Loving a Man Who Forgot Me Novel Chapter 2

2 months later . . .

  The room was alive, electric with energy, a rapid heartbeat kept pulsing by the club DJ, track after track. The music thrummed through my bones the way the alcohol flowed through my bloodstream, washing away my cares and troubles and lifting the mountain of stress and anger that had been crushing me for weeks, growing heavier every day. For just a little while, I could forget. I couldn’t escape, but I could pretend. For a night.

  I tipped the glass of whiskey in my hand to my lips and let it drown the thoughts giving me a headache. I’d have a worse one in the morning if I kept going, but I’d take the hangover. It was the least of my troubles.

  “Yo, Abel, what the fuck?”

  I looked to my left and the handful of faces staring at me expectantly as the colorful club lights danced across their skin. “Huh?”

  Lowell leaned forward with his elbows on his knees and shouted over the noise, “Dude, I asked how the writing is coming along? When you going to have new shit for us to hit the studio with?”

  I shrugged off his question and took another sip of the drink.
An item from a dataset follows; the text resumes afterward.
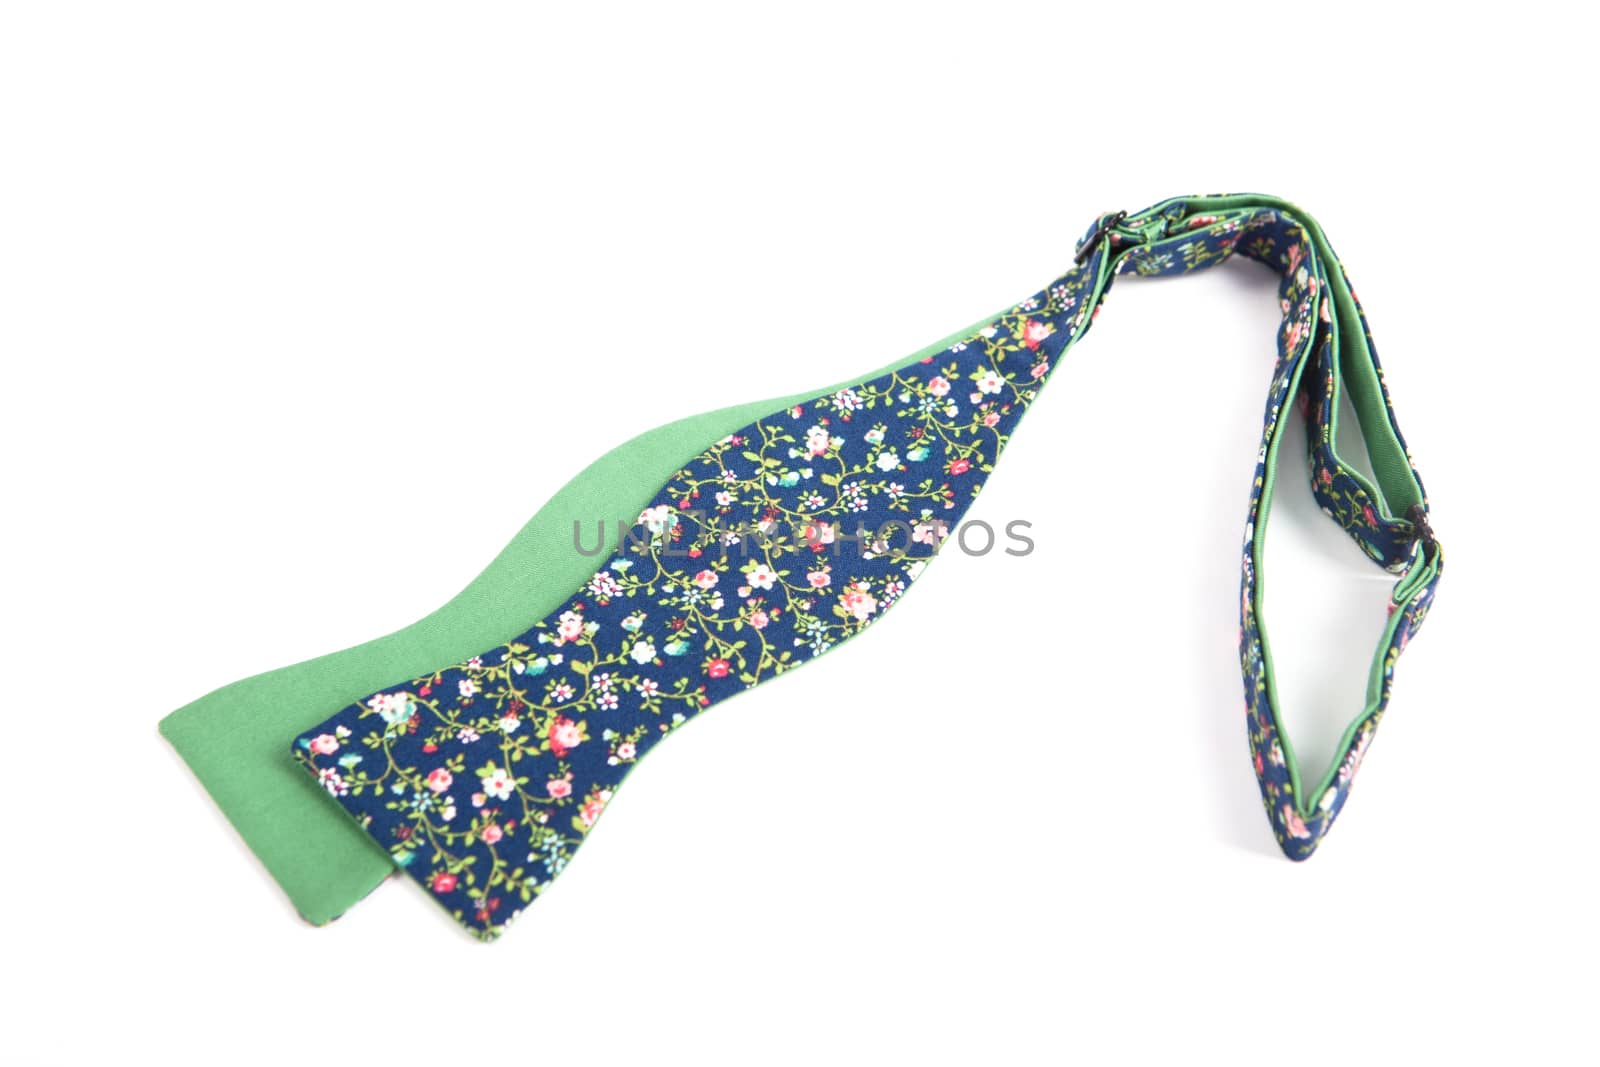 Flower colored bow tie isolated on white background.
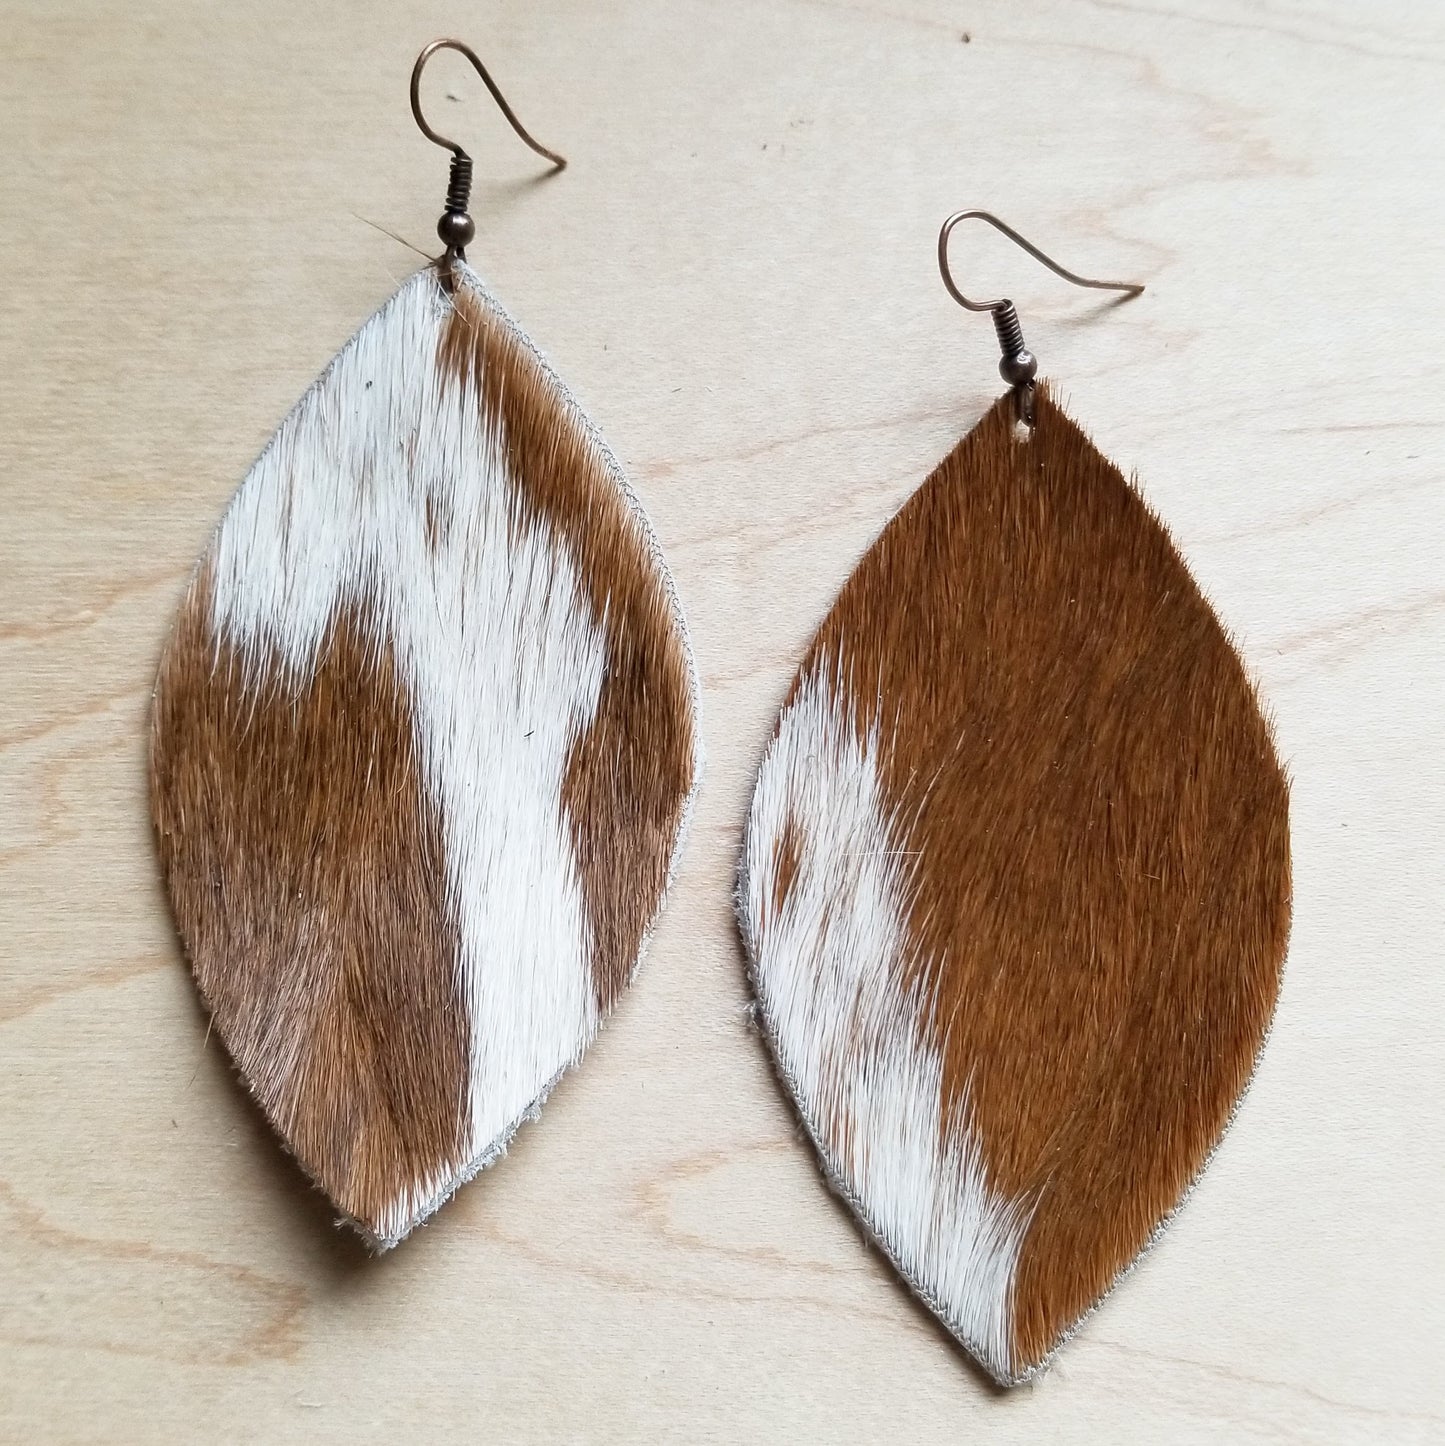 Leather Oval Earrings in Tan and White Hair-on-Hide 222c - The Jewelry Junkie

Our manager and the studio had been asking the same question. I didn’t have a better answer for my bass player than I did them. The writing was shit lately. My head was a mess.

  “Tripp was just saying he’s got a new song he thinks would be good for the band.” Lowell jerked his chin at Tripp Anders. I eyed the hip-hop artist and songwriter sprawled out over the chair opposite the couch we sat on. A tiny, busty redhead straddled him, sucking on his neck like a vampire. Didn’t look like he was too concerned with conversation either at the moment, but at the mention of his name, he sat up straighter, and somewhat reluctantly shifted the girl around on his lap.

  “Just laid down the track in the studio yesterday, and after listening to it, you guys came to mind, has that Rebel Cry feel to it, ya know. I think you guys could do something awesome with it. I can have it sent over for you to check out, before it goes out to anyone else.”

  “Appreciate it man, but we write all our own songs.” More accurately, I wrote, or collaboratively wrote, all of Rebel Cry’s songs. Every song we recorded was ours. Outside of the band, the artists and songwriters I was willing to collaboratively write with were limited. Tripp was not on that list. He was an alright guy to party with, and a decent songwriter, but I doubted this new song he was trying to sell really had ‘a Rebel Cry feel to it.’ His talents lay more in the hip-hop and rap scene.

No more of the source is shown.